Era una odisea ir desde La Víbora, mi barrio, hasta Miramar, donde vivía Ricardo González Alfonso. Sólo había dos opciones: coger la ruta 69, que podía demorar dos o tres horas en pasar. O la 100, con más ómnibus, pero con mucho más pasajeros, por su extenso recorrido.
La 69 dejaba cerca de la casa de Ricardo. Pero si cogías la 100 tenías que bajarte en la parada del hotel Comodoro y subir varias cuadras, bajo el sol o la lluvia. Cuando llegabas, Ricardo te recibía con una sonrisa. Aunque hubiera acabado de recibir una citación de la Seguridad del Estado.
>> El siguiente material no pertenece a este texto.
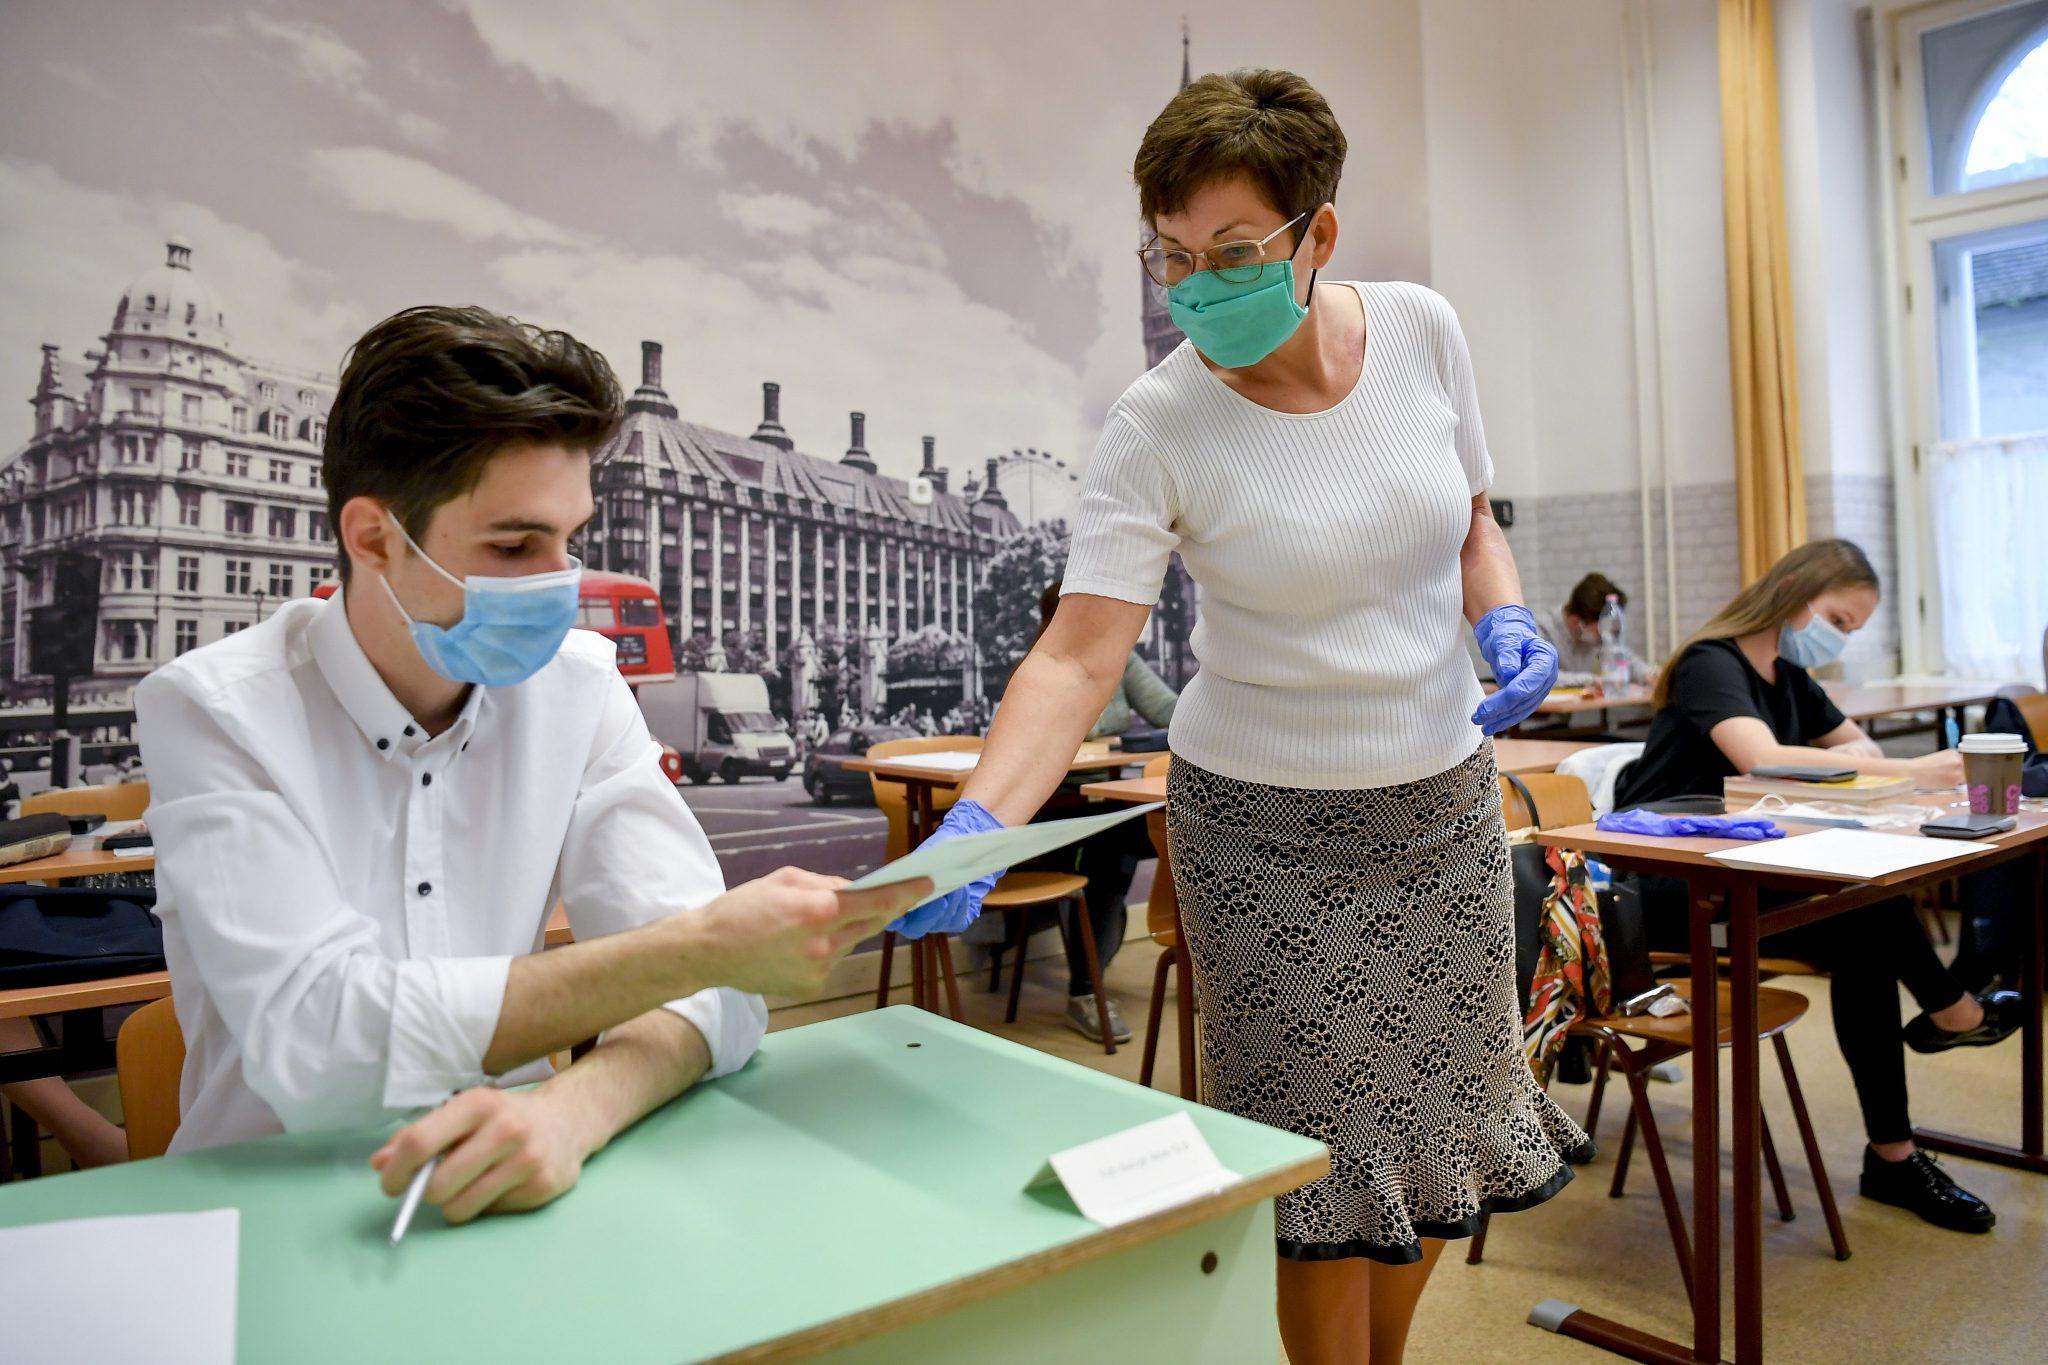 Gov't to Start Vaccination of Teachers Next Week

Ya dentro de su destartalado hogar, te ofrecía un vaso de agua fría, de su aún más destartalado refrigerador. Y té de un termo plástico, porque café no podía estar colando a toda hora en la vieja cafetera. A veces el té lo servía en un vaso plástico, que no se botaba: se enjuagaba y volvía a utilizar. Pero lo habitual era que te lo ofreciera en un pomo de cristal, de cuando en Cuba vendían compotas rusas, y todavía son usados como «tazas» para tomar té o café en muchas casas.
A Ricardo fue uno de los primeros que se le tiraron, en la tarde del martes 18 de marzo de 2003. Un operativo con uniformados de verde olivo, similar al que hicieron a otros opositores. En la mirilla de la represión había más de un centenar de disidentes y periodistas independientes, pero en el punto rojo del kolimador estaba Ricardo González Alfonso.
No por su buen carácter. Si no porque prácticamente él sólo, con muy poca ayuda, hizo realidad una idea de Raúl Rivero: fundar la Sociedad de Periodistas Márquez Sterling, una asociación netamente profesional.
También Ricardo fue capaz de armar e imprimir dos números de la revista De Cuba, los dos únicos que la Seguridad del Estado permitió circular (un tercero logró hacerlo Claudia Márquez en septiembre de 2003, con la ayuda de Vladimiro Roca y Tania Quintero, entre otros pocos que se arriesgaron en aquellos aciagos días).
Todo eso lo hacía Ricardo sin dejar de sonreír. Pero, sobre todo, sin dejar de hacer denuncias y escribir relatos y poemas; atender a visitantes, de otras provincias u otros países; dar entrevistas a medios internacionales; organizar talleres periodísticos en su casa, y desempeñarse como corresponsal de Reporteros sin Fronteras en Cuba.
Cuando a Ricardo se lo llevaron arrestado, en su casa quedaron sus dos hijos, Daniel y David, entonces unos niños, hoy unos jóvenes. Dos de las cosas que él más quiere en este mundo. Atrás quedó también Álida Viso Bello, periodista independiente como él y su compañera en la vida.
Ojalá entre los excarcelados por esas negociaciones entre el gobierno de Raúl Castro y la iglesia católica cubana, se encuentre mi amigo Ricardo González Alfonso, quien ya cumplió 60 años y su salud, como la de casi todos los presos políticos, se encuentra bastante deteriorada. No así su perenne sonrisa.